Some products being recalled because child caps failed to function properly
Certain packages of cough, cold medicine voluntarily removed by manufacturer
Consumers should stop using the recalled products, U.S. consumer agency says
Company says little of the recalled products likely remain in stores or in homes
Some Triaminic and Theraflu products are being taken off the market because the child-resistant caps failed to function properly, U.S. officials said on Thursday.
The Consumer Product Safety Commission said Triaminic Syrups and Theraflu Warming Relief Syrups for cough, colds and fevers were voluntarily recalled by the manufacturer, Novartis Consumer Health, because the cap could still be removed by a child even with the tamper-resistant seal in place.
Novartis said the last batch of products in question were distributed more than a year ago, so the company believes little remains for sale or in use.
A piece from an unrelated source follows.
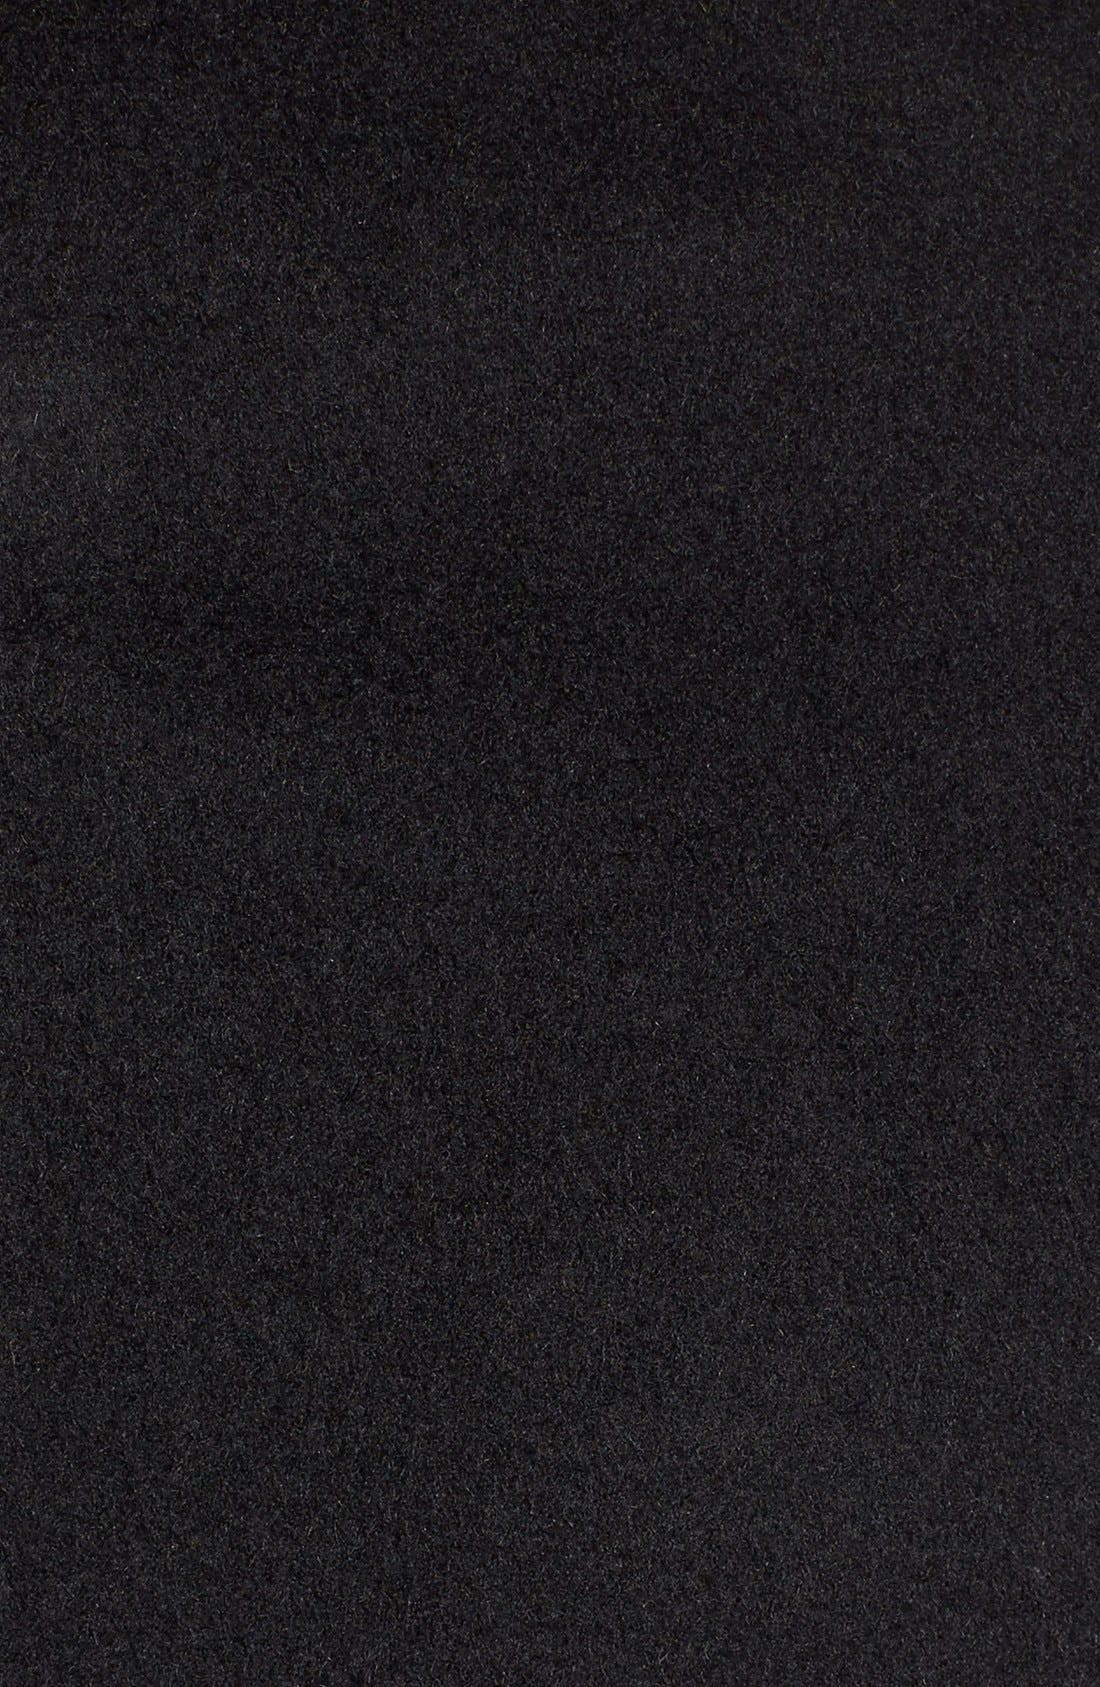 Single Breasted Wool Blend Coat,                             Alternate thumbnail 2, color,                             BLACK
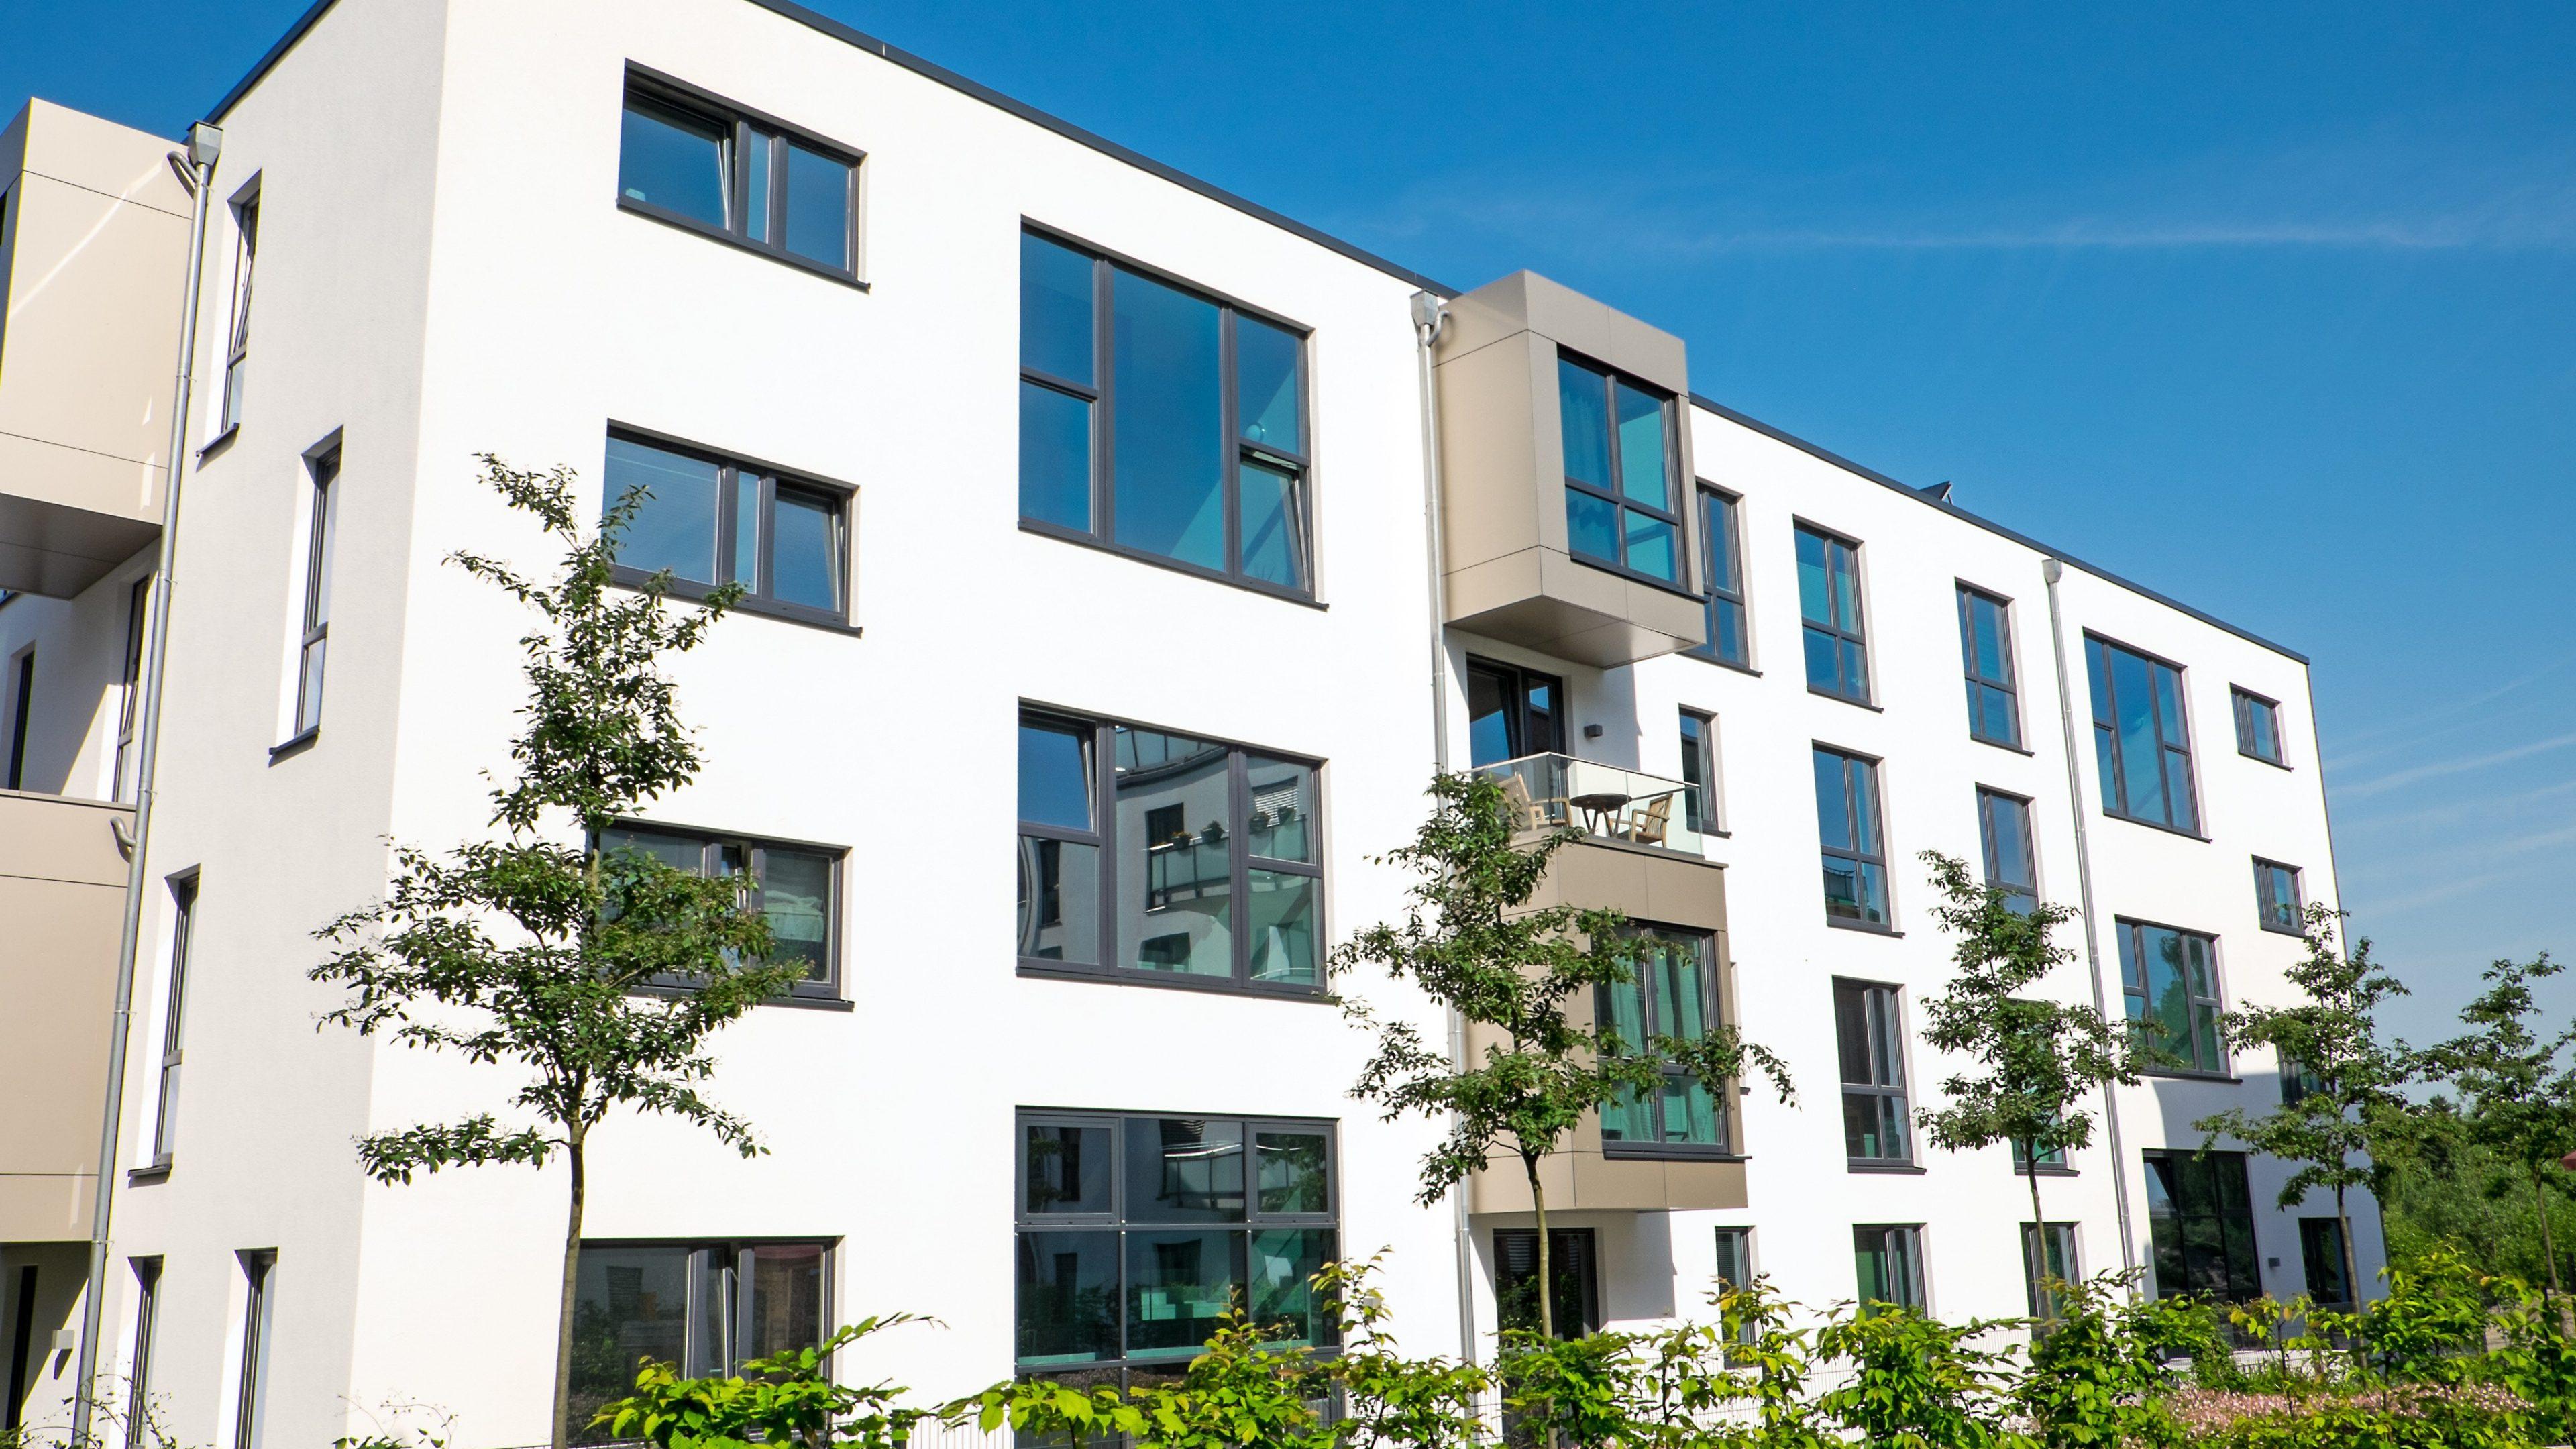 Immobilien in 54646 bettingen switzerland roger pierce binary options scam

The agency said the products contain acetaminophen and diaphenhydramine, main ingredients in a number of cough, cold and allergy medicines.
Acetaminophen is an anti-inflammatory used to treat pain, while diaphenhydramine is an antihistamine used to treat allergies and colds.
Under federal law, products containing these drugs must be sealed with child-resistant packaging due to the risk of poisoning.
The consumer watchdog said that consumers should stop using the recalled products immediately if they come across any of them and contact Novartis for information about refunds.
According to the consumer agency’s website, 24 different types of products are included in the recall.
A consumer complaint in late November triggered the investigation. All of the products were made in the United States.
Julie Masow, a Novartis spokeswoman, told CNN that there are 183 lots included in the recall - 142 of Triaminic Syrups and 41 of Theraflu Warming Relief Syrups.
However, since they were distributed between May 24, 2010, and December 21, 2011, approximately 97% of the Theraflu and Triaminic inventory has already been consumed, returned to Novartis, or quarantined at a Novartis warehouse.
It is likely that very little product remains on store shelves or in homes, Masow said.
So far, Novartis has had 12 reports of children unscrewing the locked caps, including four who ingested the product. One child received medical attention.
The Food and Drug Administration is working with the consumer safety commission on the investigation.
As a precaution, 17 of the products are also being recalled in Canada.